“Don’t be surprised if Biden doesn’t get a convention bounce in the polls. That’s not the point,” declared an early Friday headline in the Washington Post. Post-convention surges are hard when the country is polarized and the parties “stage theirs back to back, as they will this year,” argued opinion writer Karen Tumulty. © Twitter/screenshot
Except both things were just as true in 2016, which didn’t stop the media from treating the “convention bounce” as a thing of conventional wisdom. Either way, the problem was not that the virtual Democratic National Convention in Milwaukee, Wisconsin didn’t move the needle for the Democrats and their ticket of Joe Biden and Kamala Harris – it’s that it somehow managed to jolt the public opinion in favor of Trump!
The president’s approval rating among likely US voters stood at 47 percent on Wednesday, with 51 percent disapproving. By Friday morning, those numbers had flipped completely, to 51 approval and 47 percent disapproval. © Twitter/screenshot
These are the numbers from the daily tracking poll by Rasmussen Reports, which is weighted at 37 percent Democrat, 33 percent Republican and 30 percent Independent.
This is in stark contrast to mainstream media reactions to Biden’s acceptance speech on Thursday evening – a brief but occasionally intense denunciation of Trump’s “darkness” in favor of the “light” supposedly offered by the Democrats.
Election gurus have been laying the groundwork for managing expectations about the convention ‘bounce’ since July. American politics are polarized, they said, and the Covid-19 pandemic guaranteed the conventions would be virtual, rather than the normally raucous in-person parties that let host cities cash in.

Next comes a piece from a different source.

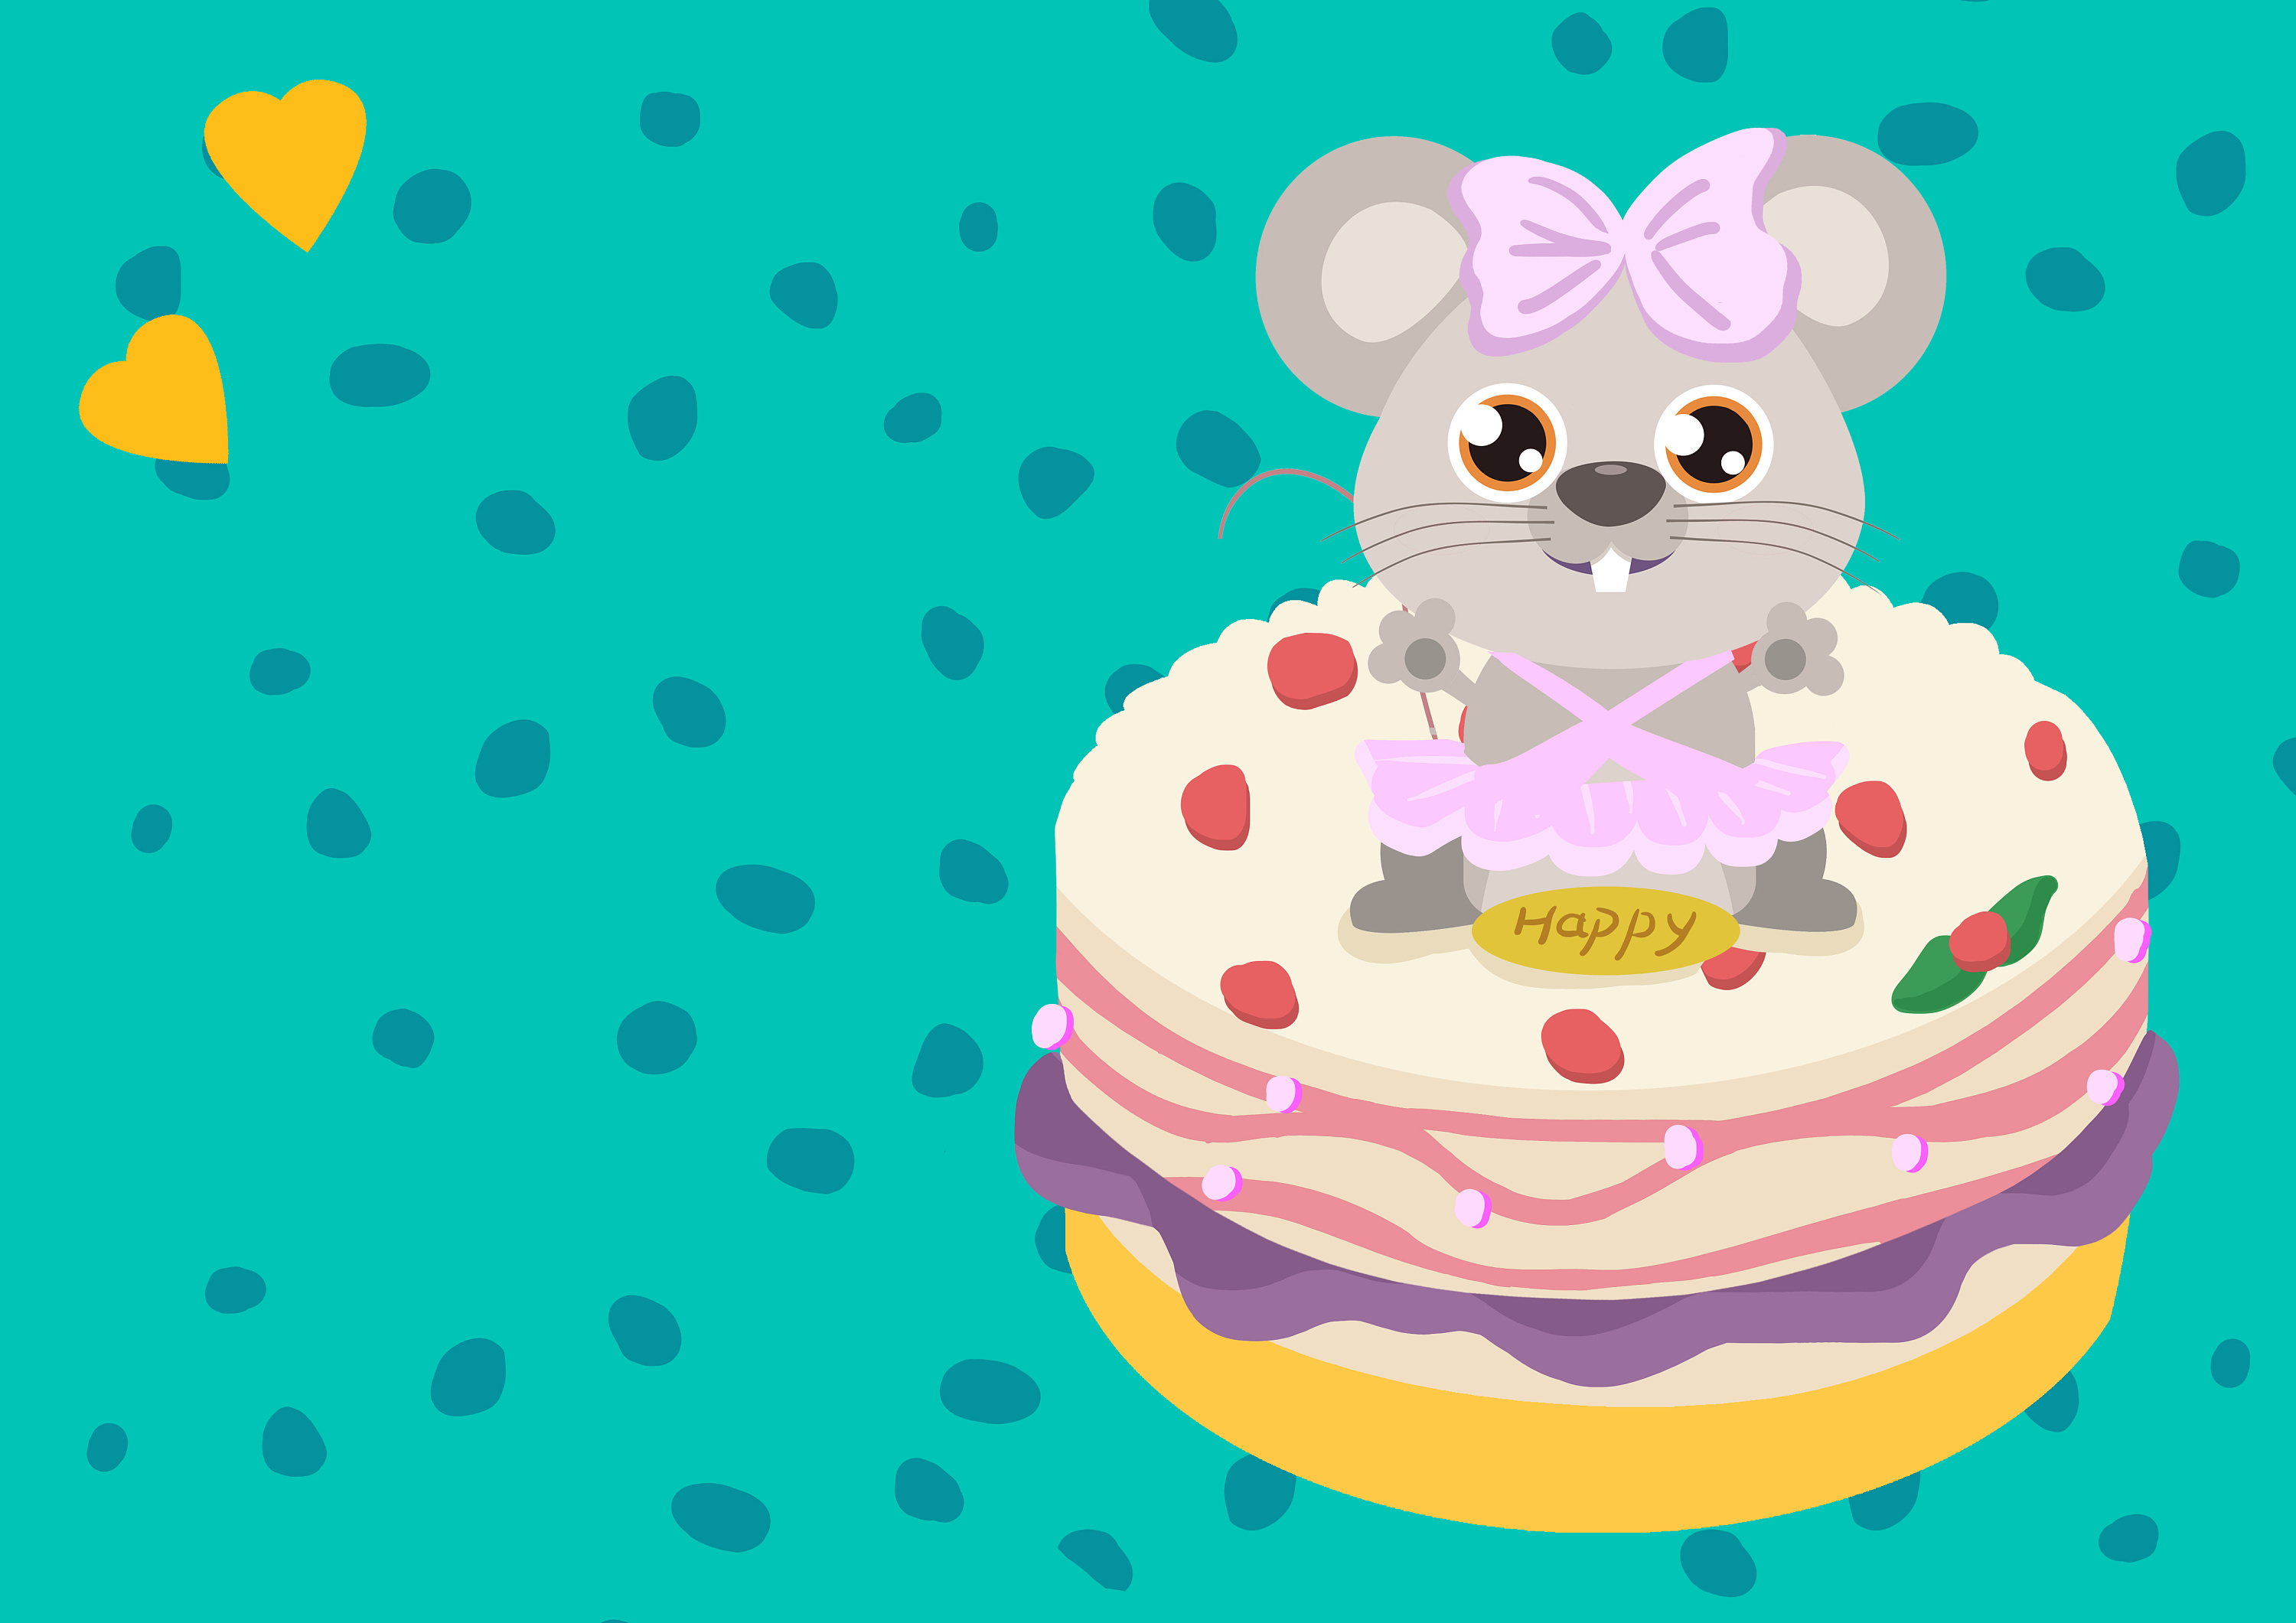 粉色米奇老鼠蛋糕 - 知乎

“Maybe more people will watch the conventions than normal because they’re stuck inside because of the coronavirus pandemic,” argued CNN’s Harry Enten last weekend. “Still, the cumulative evidence suggests that a big convention bounce will be hard to come by this year.”
The popular statistical analysis website FiveThirtyEight – which gave Trump the same odds of winning this year that he beat in 2016 – cautioned in July that convention ‘bounce’ has been diminishing, “likely” due to polarized politics. Their analysis focused on how Trump will have a hard time boosting his ratings without the ability to hold large in-person rallies, due to the virus.